Chapter 1 Beginner 20 min min read Updated 2026-04-11

Introduction to SQL and Databases

Practice Questions →

In This Chapter

What Is It?

What Is a Database?

A database is an organized collection of data, stored so that it can be quickly searched, updated, and analyzed. The keyword is organized. A WhatsApp chat backup as a giant text file is just data. The same chats stored in a structured format with columns for sender, receiver, message, and timestamp — that is a database.

Every app on your phone uses a database behind the scenes. When you open Instagram and see your feed, an SQL query is fetching posts from a database. When Paytm shows your last 10 transactions, that is a database query. When BookMyShow tells you Seat A12 is already booked, again a database query.

What Is a DBMS?

A DBMS (Database Management System) is the software that manages a database. You don't talk to the database file directly — you talk to the DBMS, and the DBMS handles storage, indexing, concurrency, security, and crash recovery for you. Think of it like this: if a database is the books in a library, the DBMS is the librarian.

Popular DBMS software includes MySQL, PostgreSQL, Oracle, Microsoft SQL Server, and SQLite. Each is a separate piece of software, and most of them speak SQL with small variations.

What Is SQL?

SQL stands for Structured Query Language. It is the standard language used to interact with relational databases. With SQL you can create tables, insert data, search through millions of rows, update records, delete them, and join multiple tables together.
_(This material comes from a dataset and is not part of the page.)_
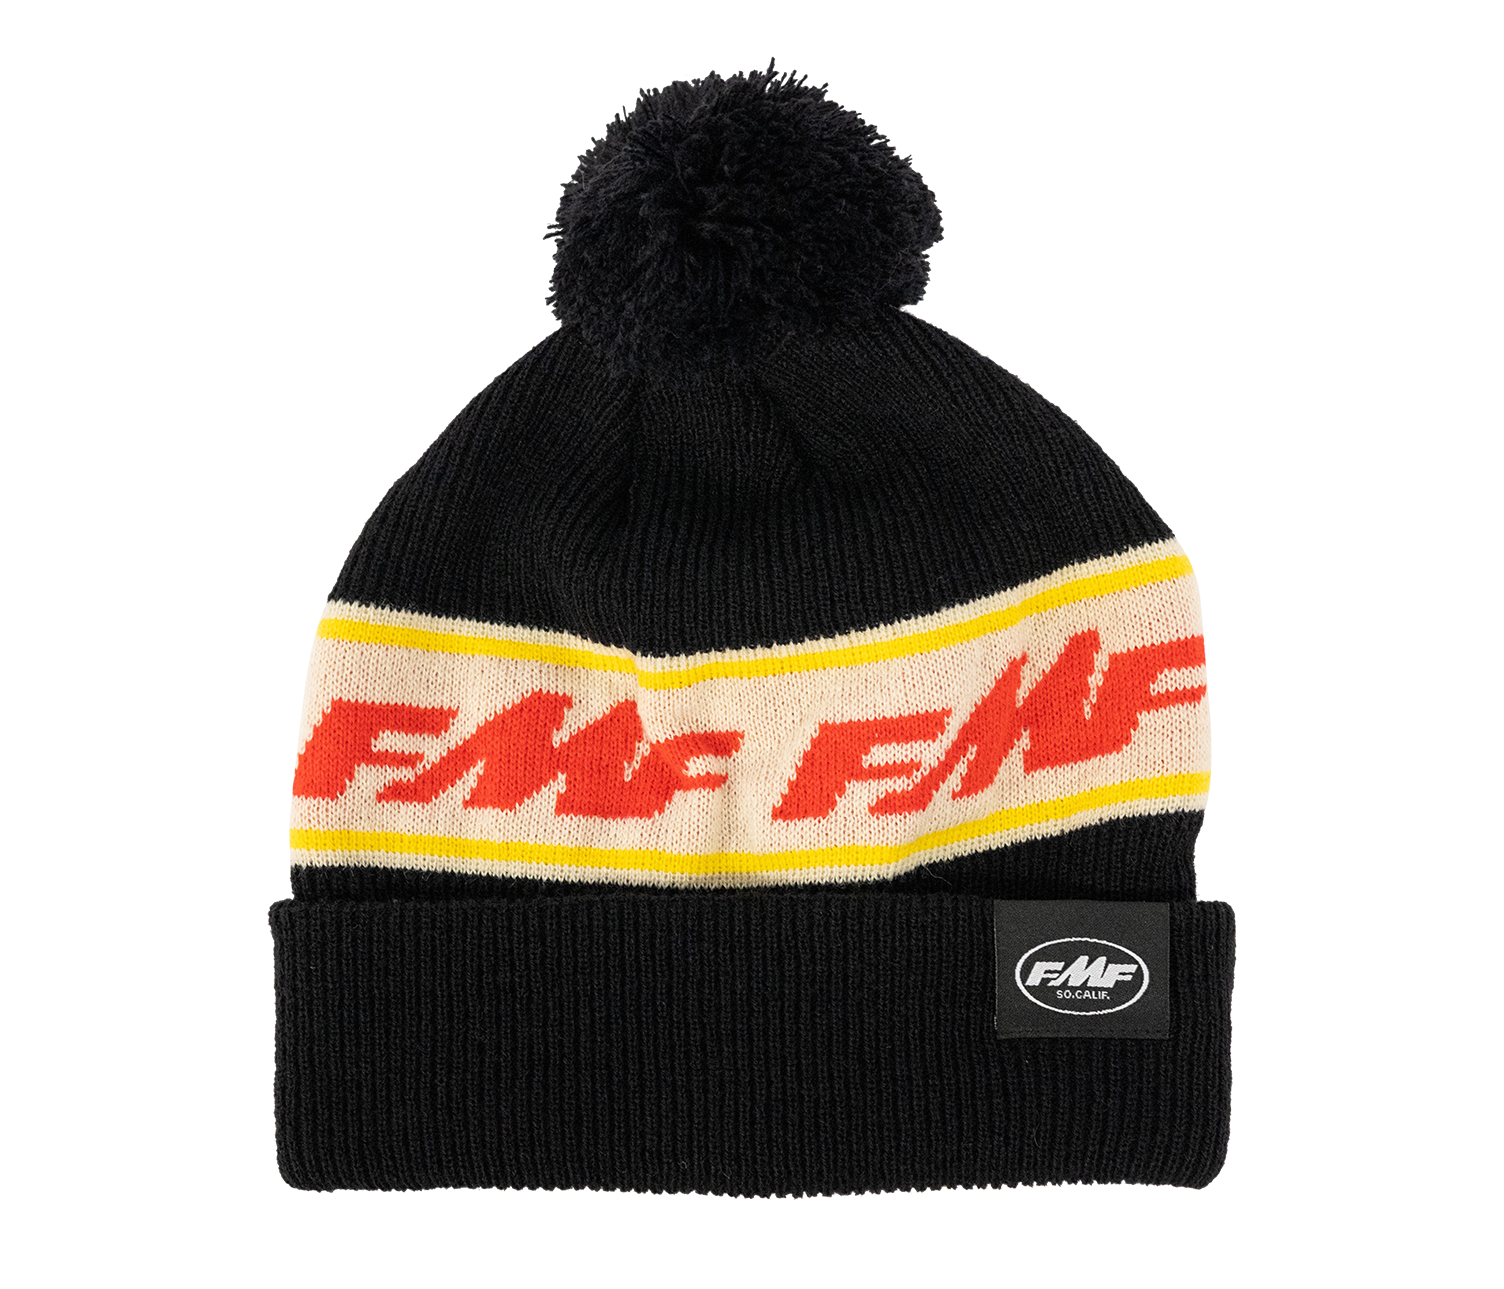 Fmf Racing-Bonnet réglable pour motocross S, bonnets, casquette, drôle, hip  hop - AliExpress

SQL is pronounced either as "S-Q-L" (each letter spoken) or as "sequel" — both are acceptable in industry.

SQL was invented in the early 1970s and is still the dominant query language more than 50 years later. Very few technologies survive that long. SQL did because the relational model it is built on (tables with rows and columns, related to each other by keys) turned out to be one of the most useful ideas in computing.

Why Does It Matter?

Why SQL Still Dominates After 50+ Years

Most technologies become obsolete in 5 to 10 years. JavaScript frameworks come and go every two years. Yet SQL, a language designed in 1974, is on the most-asked-skill list for almost every developer, data analyst, and data scientist job in 2026. Here is why.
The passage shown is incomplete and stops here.